Preference-based systems offer the opportunity to measure changes in terms of societal HSVs without the resource requirements of direct measurement. However, in reality, many clinical trials in osteoporosis do not utilize preference-based systems. Choosing outcome measurement instruments for clinical trials involves serious tradeoffs. Researchers must balance the need to maximize measurement precision for the detection of differences against practicality of administration and limits in available resources.

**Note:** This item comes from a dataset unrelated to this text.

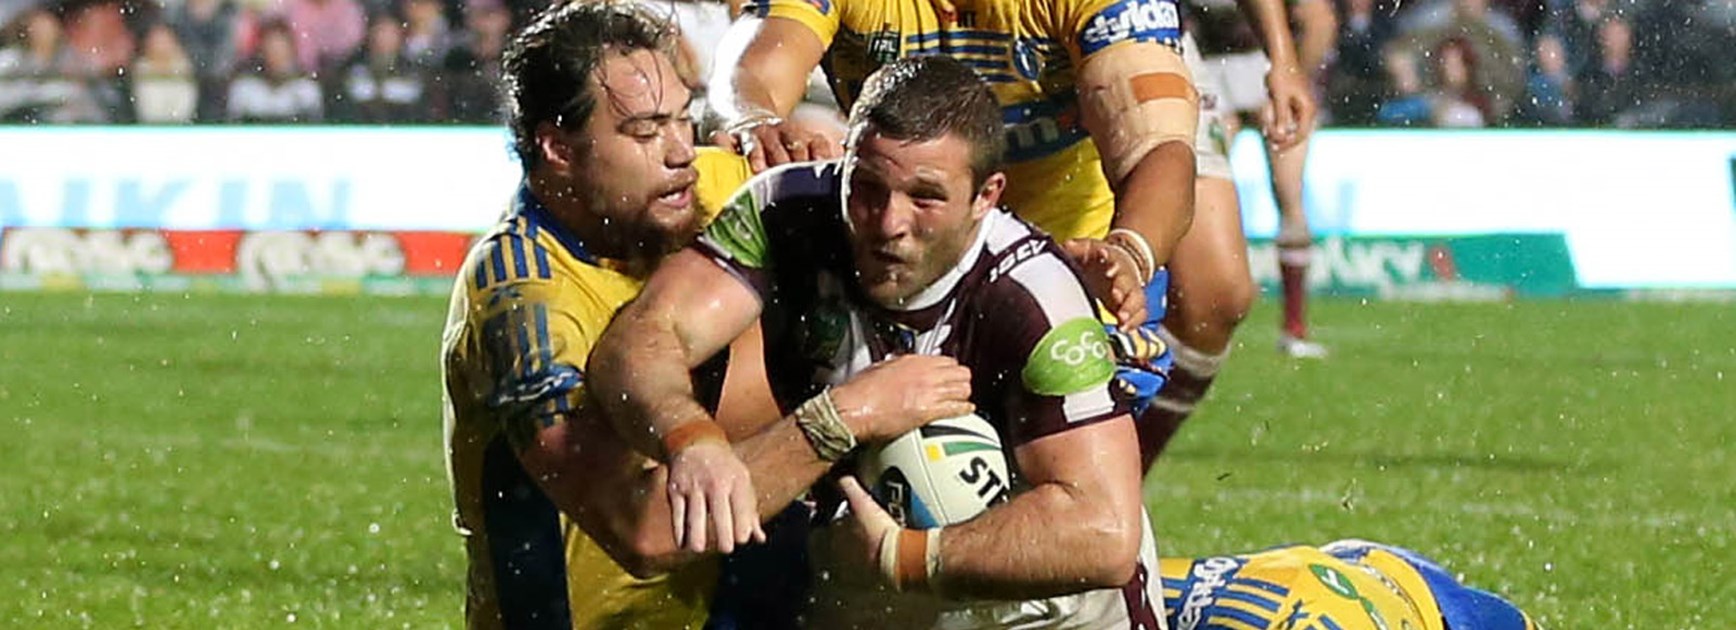 Sea Eagles lock Blake Leary in action against the Eels.

With these concerns in mind, unless cost-utility analysis is a specific research aim, investigators often favor disease-specific measures over the generic preference-based instruments because the former focus on the key aspects targeted by treatment. Therefore, HSVs required for economic evaluation are rarely available from trial participants.

There are situations in which researchers wish to conduct cost-utility analysis without measuring health states directly. They may choose to use age- and sex-specific HSVs from a published source, such as time tradeoff-based values of current health from a population sample [11]. However, populations used to estimate published HSVs may be different from the population of interest in important ways. To address this challenge, methods have been developed to estimate HSVs from data provided by more widely used outcome measures. Several methods have been explored to estimate HSVs from the SF-36 [1214], the SF-12 [1521], condition-specific tools [2225], and national survey instruments and therefore allow the calculation of QALYs [2, 26]. The objectives of this study were to provide a model to predict societal HSVs from the preference-based systems EQ-5D-US and SF-6D using data from the OPAQ and to characterize the impact of osteoporotic fracture in terms of mean OPAQ dimension scores and EQ-5D-US and SF-6D HSVs by fracture type.

Methods

Study population

This is a secondary analysis of pooled data from two studies of persons at least 50 years old with a non-traumatic fracture within the prior 5 years recruited at Dartmouth-Hitchcock Medical Center in Lebanon, NH and the Mayo Clinic in Rochester, MN [27, 28]. The first study included women with non-traumatic fractures of the hip or spine within the prior 5 years, and the second included men with non-traumatic fractures of the hip and spine and women with fractures in other locations.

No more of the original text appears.